How to Prioritize Security Findings When Everything Is Flagged as Critical
Stop drowning in critical alerts. Learn how to prioritize security findings by adding context, asset criticality, and attack paths to your triage process.
Introduction
For the modern senior engineer or tech lead, the "security dashboard" has become a source of profound cognitive dissonance. You log in to find a sea of red: 450 "Critical" vulnerabilities, 1,200 "High" alerts, and a backlog that seems to grow faster than your team can ship code. In the world of Cloud Security Posture Management (CSPM) and Vulnerability Management (VM), we have reached a breaking point where the term "Critical" has lost its semantic meaning. When everything is a priority, nothing is.
The fundamental issue is that most security tooling relies on the Common Vulnerability Scoring System (CVSS) as its primary—and often only—metric for prioritization. While CVSS provides a standardized way to measure the theoretical severity of a bug, it is entirely context-blind. It doesn't know if a vulnerable library is sitting on an air-gapped development server or a public-facing production gateway holding customer PII. It doesn't know if the vulnerability is even reachable via the network or if the vulnerable function is actually loaded into memory.
As tech leads, our responsibility isn't just to "fix bugs"; it is to manage risk. Every hour an engineer spends patching a theoretical CVSS 9.8 vulnerability that is unreachable is an hour they aren't spending on a CVSS 7.0 vulnerability that is actively being exploited in the wild. This post explores how to move beyond raw severity scores and build a context-aware prioritization model that distinguishes between "noise" and "existential risk."
The Failure of Raw CVSS Scores
CVSS was designed to provide a universal language for the technical characteristics of a vulnerability. It answers the question: "How bad is this bug in a vacuum?" It does not answer: "How much risk does this bug pose to my specific organization?"
The limitations of relying solely on CVSS are manifest in several ways:
- Theoretical vs. Practical Exploitability: A vulnerability might have a high score because it allows for Remote Code Execution (RCE), but the exploit might require a highly specific, non-default configuration that your environment doesn't use.
- Lack of Environmental Context: CVSS does not account for existing security controls. An RCE on a container with a read-only filesystem and no outbound network access is significantly less dangerous than the same RCE on a privileged container with internet access.

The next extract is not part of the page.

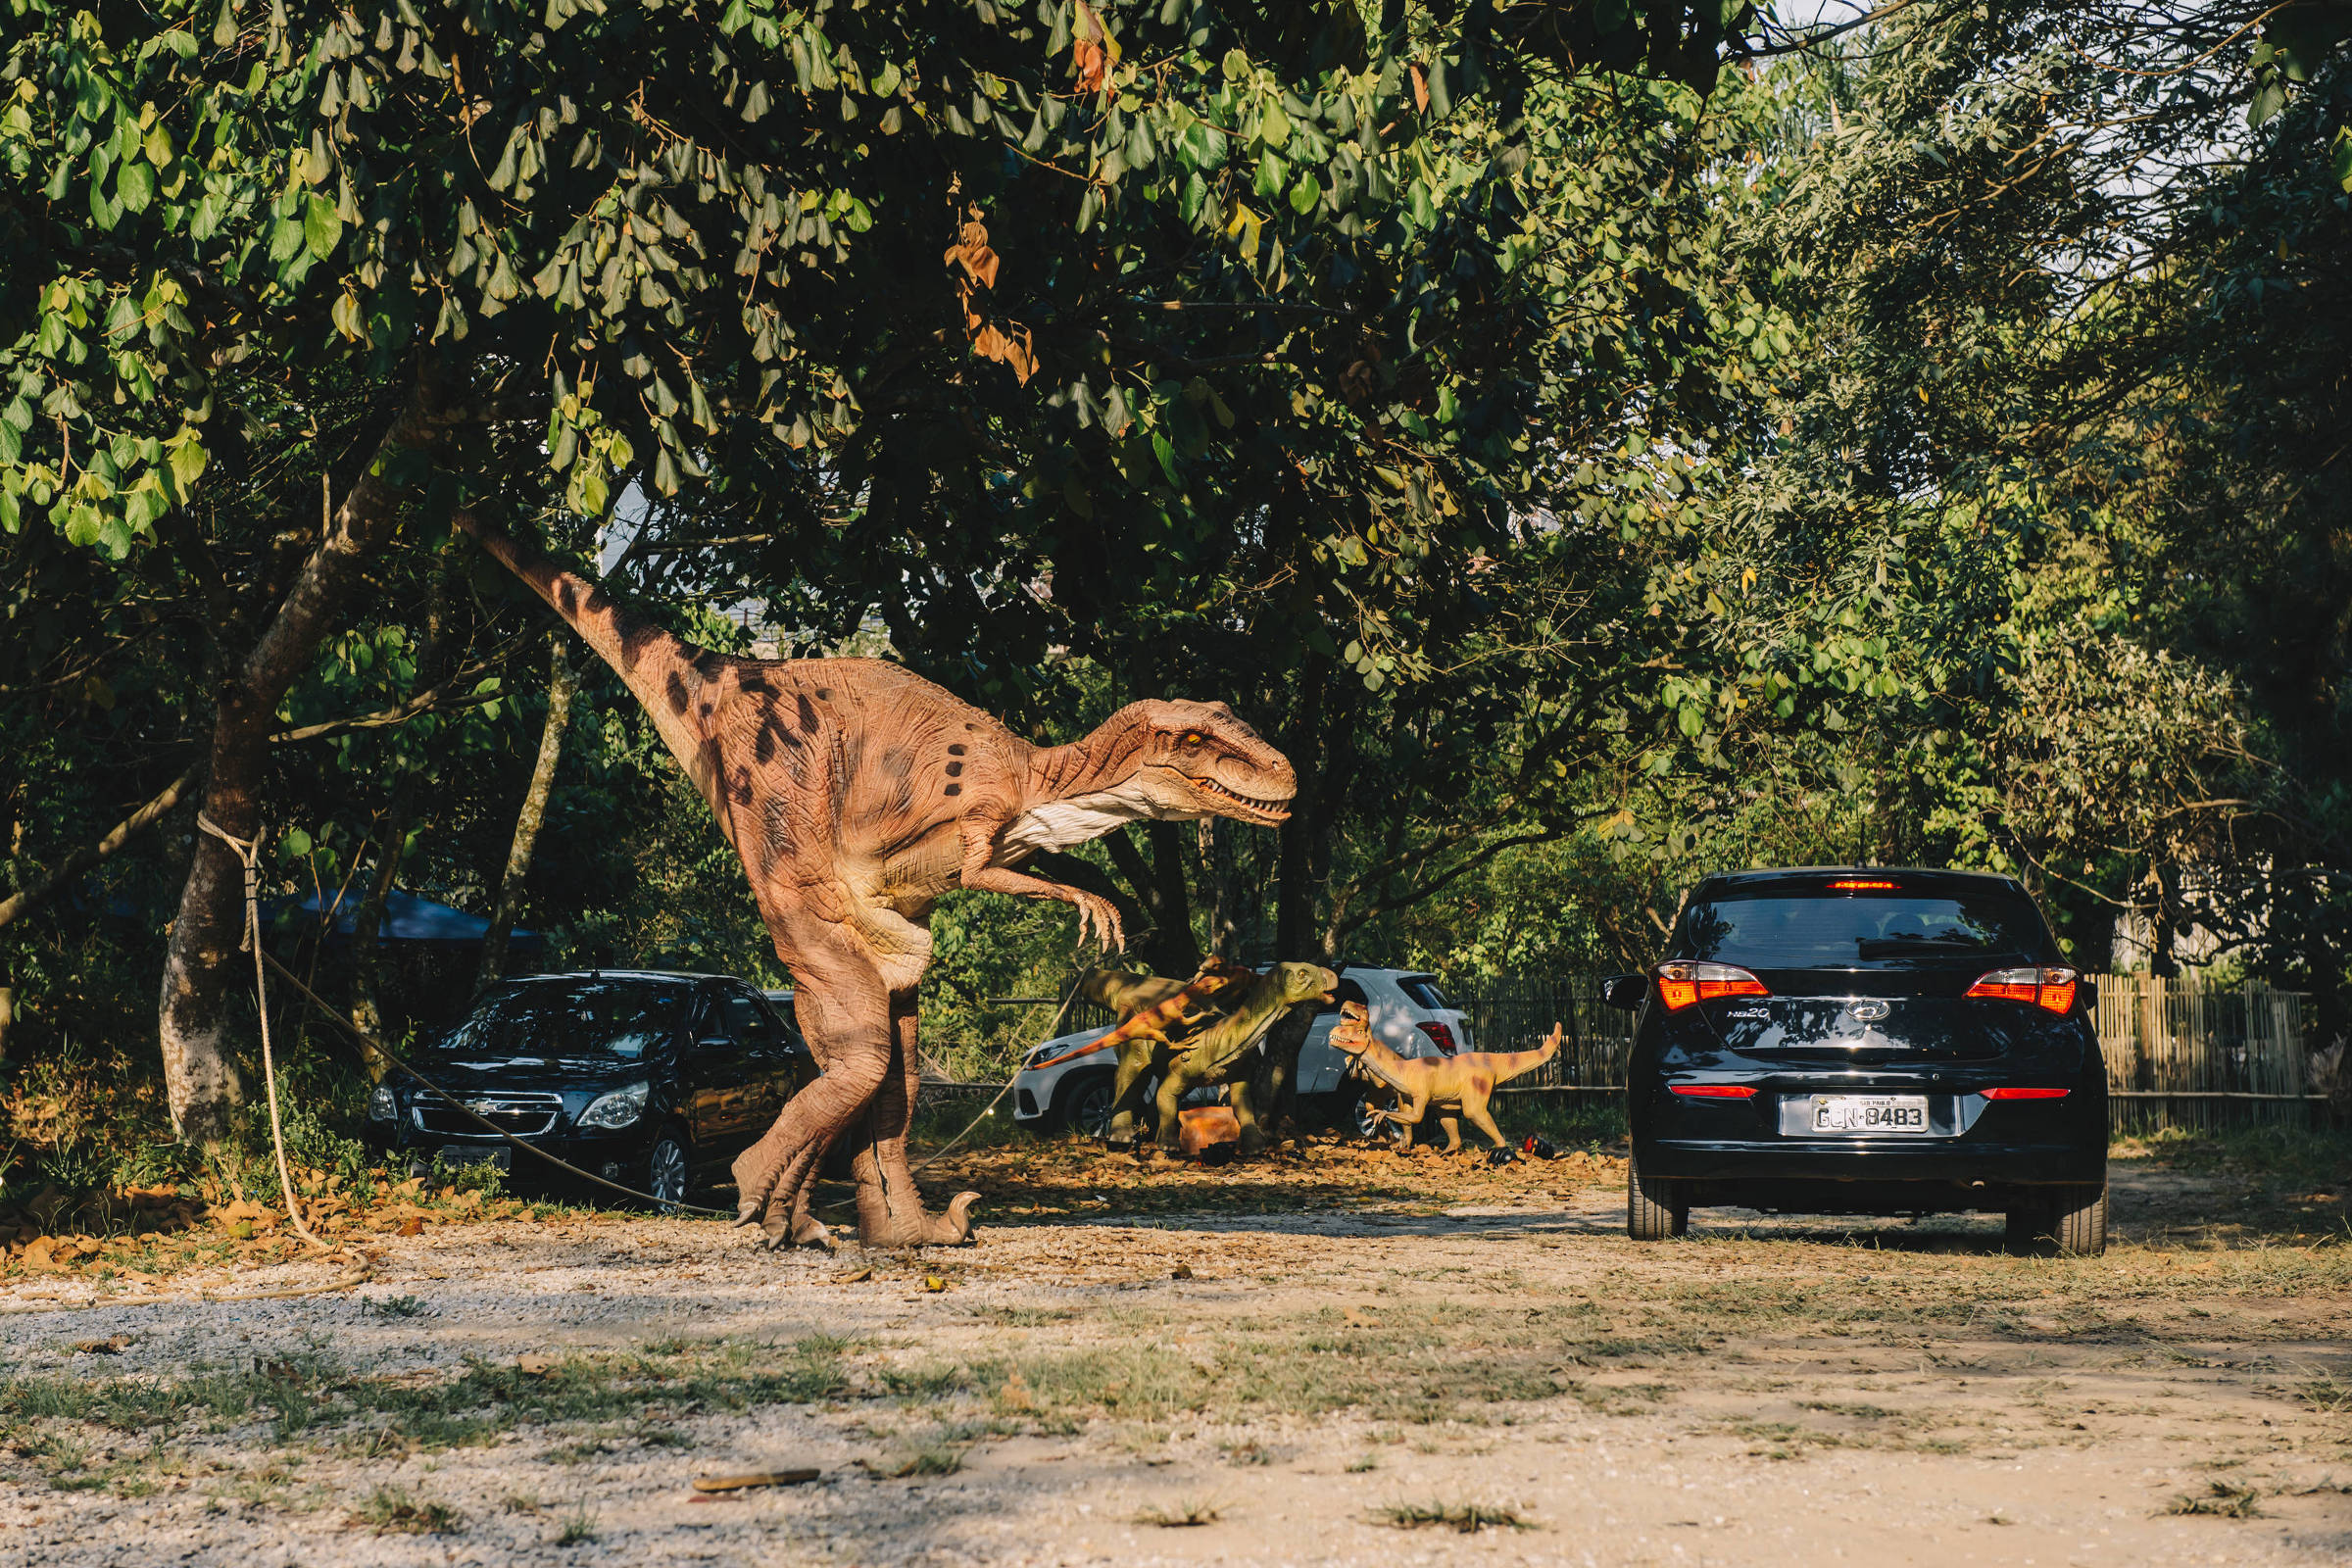 Safári de dinossauros robôs recria 'Jurassic Park' ao ar livre em São Paulo  - 30/09/2020 - Passeios - Guia Folha

- Temporal Irrelevance: CVSS scores are often static. They don't fluctuate based on whether a functional exploit script has just been released on GitHub or if a ransomware group is currently targeting that specific CVE.
- Volume Overload: Because the bar for a "Critical" CVSS score (9.0+) is strictly technical, a single misconfigured base image can result in thousands of "Critical" flags across a microservices architecture, even if the risk is redundant or mitigated.
This reliance on raw scores is a primary driver of alert fatigue. As noted in Rectify Cloud's analysis of alert fatigue, when engineers are bombarded with low-signal alerts, their responsiveness to genuine threats diminishes. They begin to view security findings as "to-do list clutter" rather than urgent signals, creating a dangerous gap in the organization's security posture.
The Three Pillars of Risk-Based Prioritization
To build a triage process that actually works, we must layer three additional dimensions of context on top of the base CVSS score: Asset Criticality, Exploitability, and Attack Path Analysis.
1. Asset Criticality (The "So What?" Factor)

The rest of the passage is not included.